Brody Mihocek, Marlion Pickett and James Podsiadly. Pictures: AFL Photos

THE 2020s isn't quite the golden age of mature-aged players, but clubs are certainly more willing to take a punt on older recruits than they were two decades ago.

The 2024 Mid-Season Rookie Draft on Wednesday night is set to see a host of players achieve their AFL dream after being overlooked in the national draft, sometimes on multiple occasions.

The MSD's most famous success story since it was reintroduced in 2019 is Marlion Pickett, who debuted in a Grand Final at the age of 27, but it's also seen younger players like John Noble (who debuted at 22), Sam Durham (debuted at 20) and Jai Newcombe (debuted at 19) given a chance after their draft years.

But clubs have also shown a willingness to go much, much older when adding players to their list.

The first eight rounds of this season alone saw two 25-year-olds (North Melbourne's Toby Pink and Richmond's Mykelti Lefau) and two 26-year-olds (Geelong's Shaun Mannagh and Collingwood's Lachie Sullivan) make their AFL debuts, while 24-year-old Joe Richards also joined the club, making his debut for Collingwood at the age of 24.

It's the continuation of a recent trend; in the first 10 years of this century, just 12 players made their debuts after their 24th birthday, an average of 1.2 per season. In the 14-and-a-bit seasons since, there have been 92, an average of more than six per year.


Unsurprisingly, the biggest spike in mature-aged debutants this century came in the expansion years of 2011 and 2012, when a total of 25 players played their first games after their 24th birthday as Gold Coast and then Greater Western Sydney entered the competition.

The other big jump in the modern era came in 2017, which produced undoubtedly the best intake of 24 and older debutants this century. Geelong champion Tom Stewart, the poster boy for second chances, made his debut that year along with four others who have gone on to play more than 100 games: Nic Newman, Alex Keath, Hugh Greenwood and Daniel Lloyd.

Tom Stewart celebrates after the 2022 AFL Grand Final between Geelong and Sydney at the MCG on September 24, 2022. Picture: AFL Photos

Sandwiched between the likes of Mason Cox and Sam Menegola in 2016 and Brody Mihocek in 2018, it's the golden period of older debutants this century.

While debutants aged in their 30s are unlikely to be seen in the professional era - Essendon's Charlie Hardy holds the all-time record for the oldest debut (round 10, 1921) at 34 years, 100 days - this year has again shown that clubs are still willing to take a punt on older players in the modern game.

Wednesday's mid-season draft should see a handful of mature-agers achieve their AFL dream.

Top 10 players to debut after 24th birthday

(since 2000)

1) Tom Stewart
Having played with the Geelong Falcons as a teenager, Stewart turned out for South Barwon after being overlooked in his draft year, winning a flag there under the tutelage of Cats legend Matthew Scarlett.

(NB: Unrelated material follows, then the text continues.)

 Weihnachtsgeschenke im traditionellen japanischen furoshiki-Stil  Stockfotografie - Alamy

With Scarlett's guidance, Stewart then impressed in Geelong's VFL program before being drafted at the age of 23 in 2016. Five All-Australians, two best and fairests and a flag later, Stewart remains the poster boy for mature-aged recruits.

2) James Podsiadly
Originally drafted way back in 1999 by Essendon before also spending time on Collingwood's list, Podsiadly spent seven seasons at VFL level before a breakout year in 2009 earned him a spot on Geelong's senior list at the age of 28. He exploded at the top level, picking up 13 Brownlow votes in his debut season and a premiership in 2011 before he finished his career at Adelaide in 2014. He retired after 195 goals in 104 games.

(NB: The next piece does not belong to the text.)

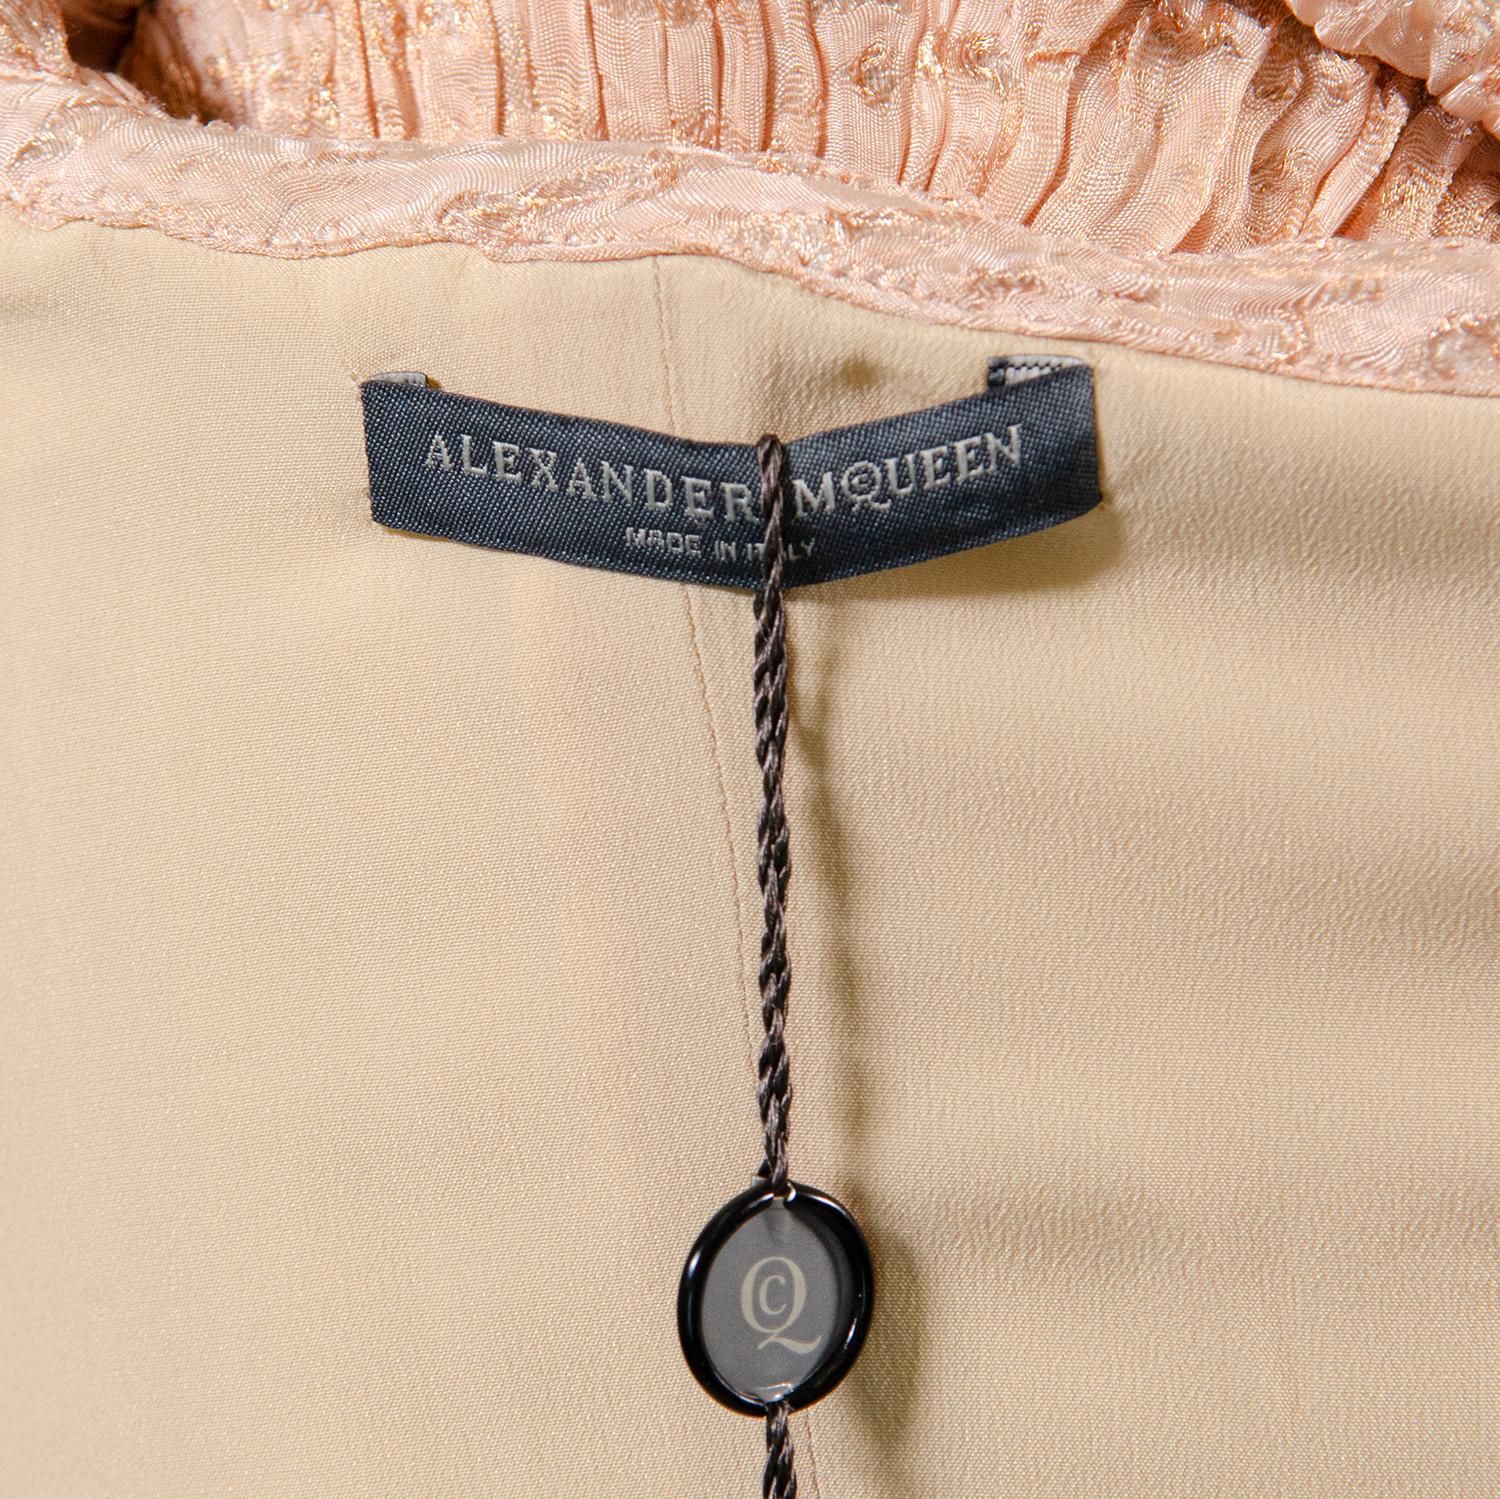 ALEXANDER MCQUEEN Rare F/W 2012 Rare Runway Silk Dress With Belt 8

James Podsiadly takes a mark during the R9 match between Adelaide and Collingwood on May 15, 2014. Picture: AFL Photos

3) Brody Mihocek
Overlooked in his draft year despite impressing for Tasmania in the U18 Championships, Mihocek moved to Melbourne to chase his football dream, starting at Maribyrnong Park in the Essendon District Football League. He spent the next four seasons at VFL level, primarily as a defender, before Collingwood took a punt on him in 2017 when he was 24. He's gone on to be a five-time leading goalkicker at the Pies and a premiership player - and he's not done yet.

4) Ben Hudson
Hudson focused on basketball in his younger years before he turned to football in his early 20s, starting at university level in Queensland. Having moved back to Victoria and playing in the VFL for Werribee, Adelaide noticed his potential and drafted him at the age of 24, handing him a senior debut the following year. After a tumultuous time at the Crows, he moved to the Western Bulldogs in 2016, playing 88 games in four seasons there. After retiring in 2011 to move back to Queensland, he was lured out of retirement by Brisbane before finishing his career at Collingwood, his fourth club. He played 168 games in total across his career.

5) Marlion Pickett
One of modern football's most incredible stories, Pickett's early life was anything but straightforward. After a troubled childhood, he spent time in and out of jail – which included playing football with a prison team – before his life took an upward turn when he joined South Fremantle in the WAFL and established himself as one of the competition's best players. After attracting interest from AFL clubs at the end of 2018, Richmond took a chance on him in the 2019 Mid-Season Draft before sensationally handing him an AFL debut (at the age of 27) in the Grand Final that year after he had dominated at VFL level. He kicked a memorable goal in the season decider and landed another flag a year later.


6) Tory Dickson
A best and fairest winner at VFL side Frankston in 2009, Dickson also played in the Eastern Football League after missing out in the national draft before being picked up by the Bulldogs in 2011 at the age of 24. One of the most accurate goalkickers in the AFL, Dickson was part of the club's breakthrough AFL premiership in 2016 and played 114 games in his career, including two seasons of 40 goals or more.

7) Mason Cox
Another of football's great stories, Cox became a premiership player at Collingwood having started his sporting career as a soccer player in Texas and then a basketballer in Oklahoma. Having been invited to attend a US Combine in 2014 and showing some potential to go with his imposing frame, Collingwood took a gamble on him and he moved his life to the other side of the world. Having famously debuted on Anzac Day in 2016, Cox is now in his 10th season at the Pies and can now call himself a premiership player.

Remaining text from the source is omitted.